French politician (1929–2022)

Florence d'Harcourt, née Deville (10 March 1929 – 6 June 2022), was a French politician.

==Biography==

===Family===
Florence was the daughter of industrialist Jean Deville and his wife, painter Élisabeth Labbé de La Mauvinère. She was married successively to two members of the House of Harcourt: Anne-Pierre d'Harcourt, son of Robert d'Harcourt, and Guillaume d'Harcourt, son of Jean-Bernard Armand d'Harcourt.

===Professional career===
D'Harcourt worked as a flight attendant for Trans World Airlines and was president of the Centre féminin d'études et d'information Femme-Avenir. She was a member of the Haut Conseil de l'audiovisuel and served on the Regional Council of Île-de-France. She also served on the High Court of France and was Vice-President of the Haut Comité pour la Défense Civile.

===Political career===
In 1974, d'Harcourt was named Secretary-General of the Rally for the Republic. She was a substitute for Achille Peretti and replaced him in 1977 when he was appointed to the Constitutional Council. In 1978, she was asked to give up her seat to Robert Hersant so that she could represent a constituency in Paris, rather than Hauts-de-Seine's 6th constituency. However, she refused and triggered a duel which fascinated the media.

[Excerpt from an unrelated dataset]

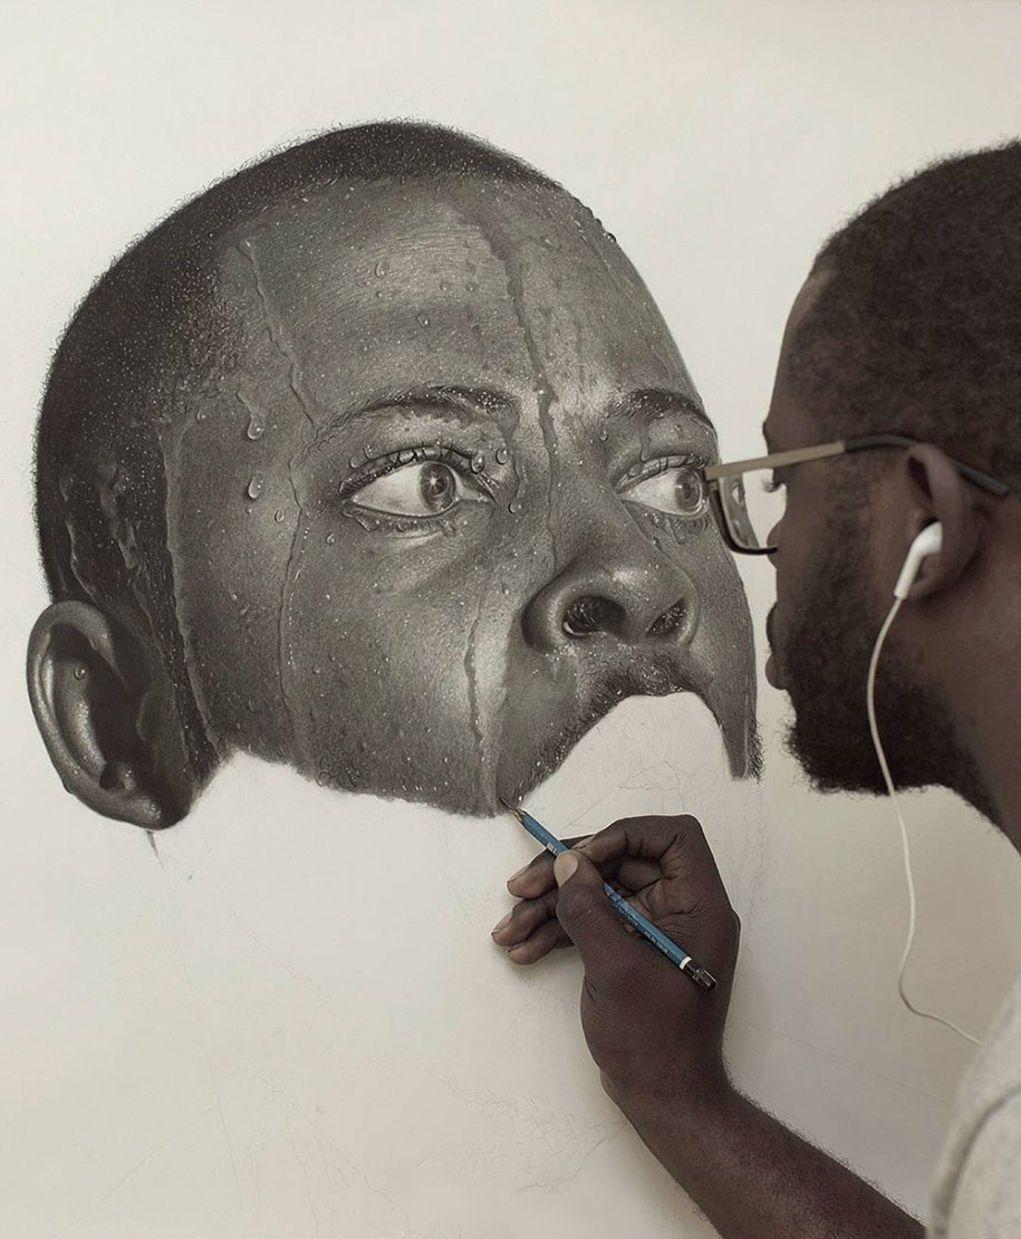 Artist Uses Pencils To Create Striking Hyper Realistic Portraits - Artist uses pencils to create striking hyper realistic portraits

D'Harcourt was re-elected in 1981 and 1986 before being dismissed by her party in favor of the up-and-coming Nicolas Sarkozy.

===After politics===
After she retired from politics, d'Harcourt wrote about the history and civilization of the inhabitants of the Himalayas, the Alps, the Atlas, and the Andes. She took many trips to such places and brought back photographic reports.

Florence d'Harcourt died in Vaucresson on 6 June 2022 at the age of 93.

==Works==
- La loi du clan (1997)
- Tante Yvonne une femme d'officier (2007)
- Ballade au pays des dieux (2013)
- Maroc. Rencontres au pays berbère (2016)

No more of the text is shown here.